The US Government Audit Office has looked at how effectively the US Department of Defence has implemented their cybersecurity program. Despite the negative headlines, they've done quite a lot of good work, defining a bunch of positive practices, putting in place some cybersecurity awareness training and more.
However, as always, the complexity in rolling out an effective program like this is not just the delivery. People saying "just implement a cyberawareness program" don't understand the complexity of the situation. The problem here is the lack of accountability, governance and reporting.
The DOD security bigwigs told everyone that they needed to use the new awareness program, but many of the departments feel no need to report to the CIO on the progress of those tasks. of 17 tasks, the CIO is responsible for 10 of them, and is reporting on them, but 7 of them have no effective ownership within the organisation and therefore nobody is saying whether they've been done.

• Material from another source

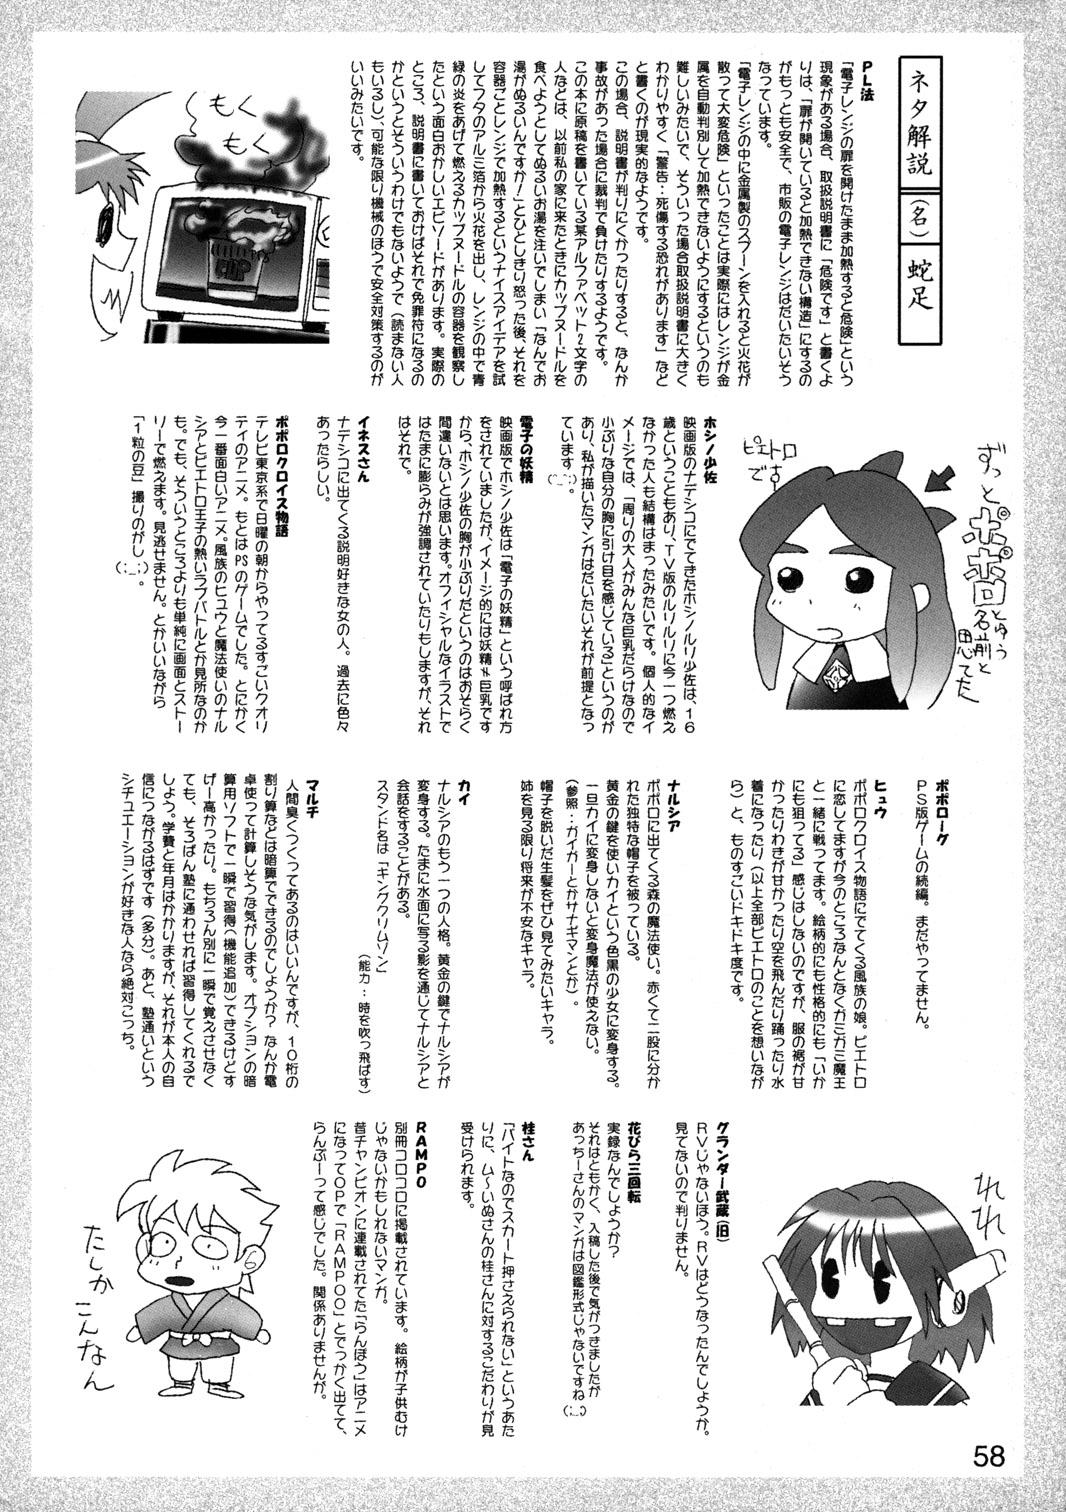 (C55) [Mutekei-Fire (Yuuichi)] Sekai Uki-Uki Daizukan 1998-nendo Ban - The Great Pictorial Guide of 'Uki-Uki' in the World '98 Edition (Various) 56
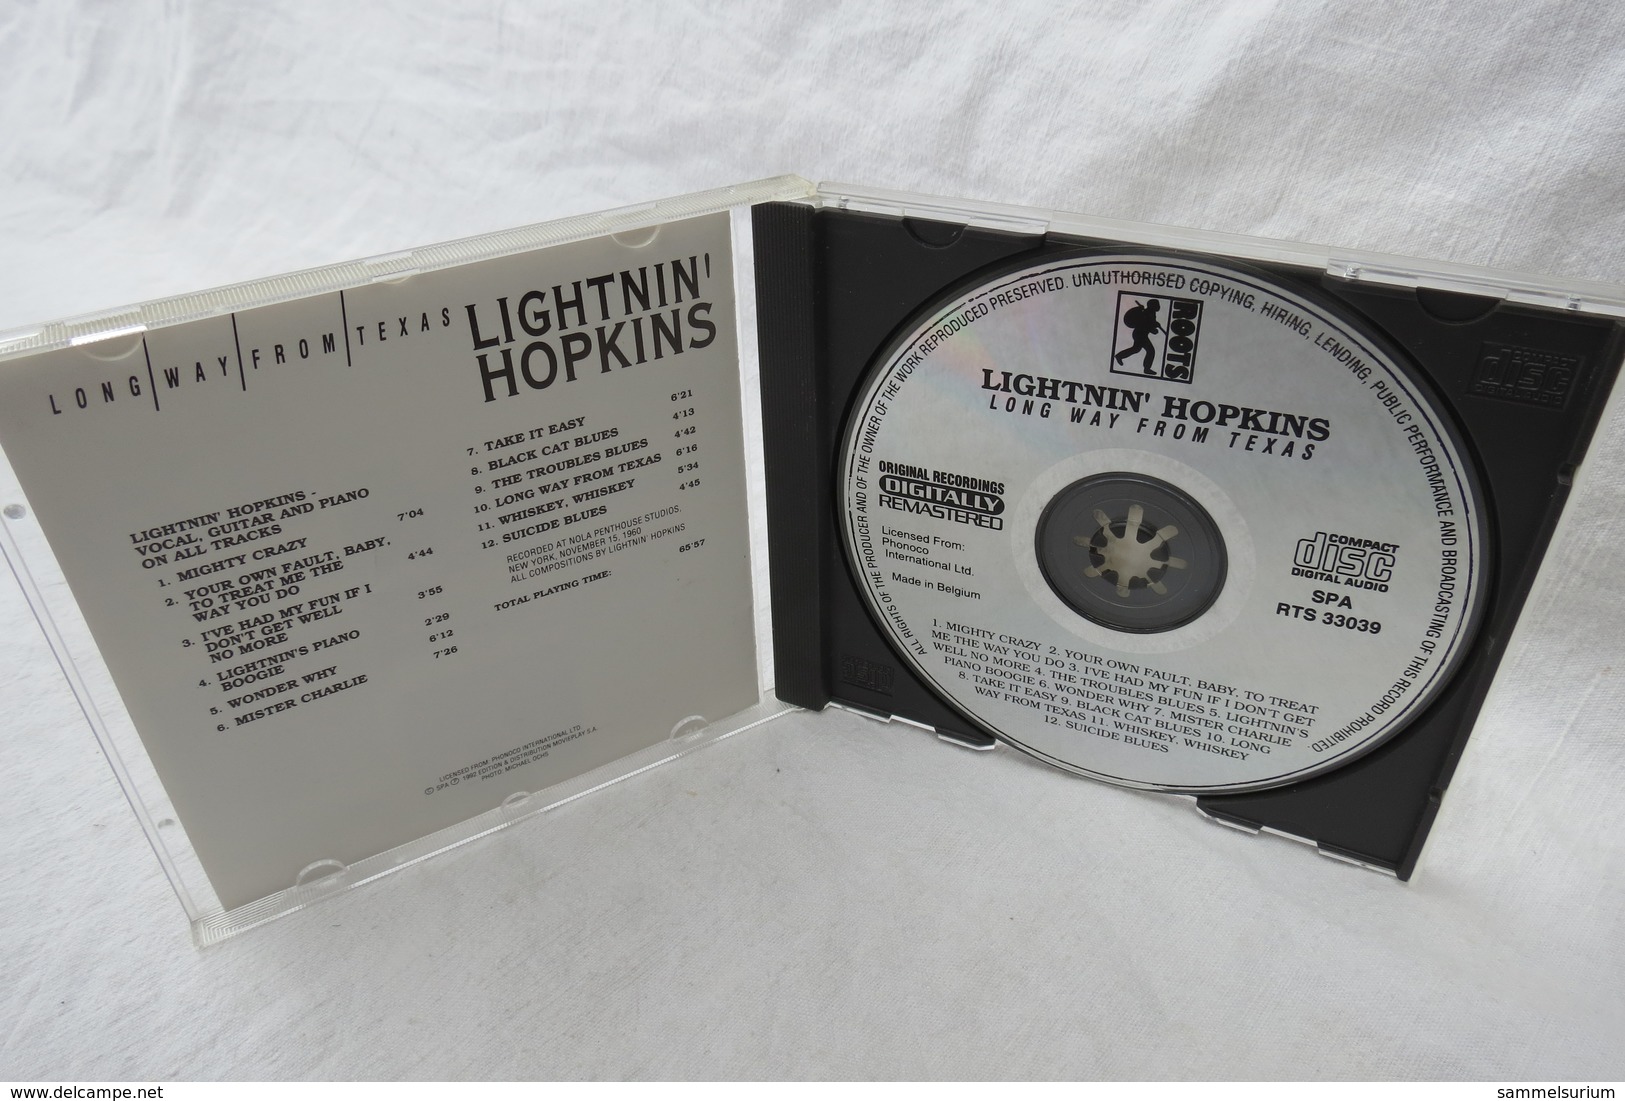 CD "Lightnin' Hopkins" Long Way From Texas - Blues

This mirrors the complexity in many organisations, the CISO or CTO can implement some measures within their teams, but do they have the authority or capability to know whether other business units are doing what they say?
One of the biggest investments a security team can make is improving self reporting, making people feel like talking to security is a pleasurable experience that doesn't evoke fear of being told off, and ensure that there are good easy avenues to report this stuff.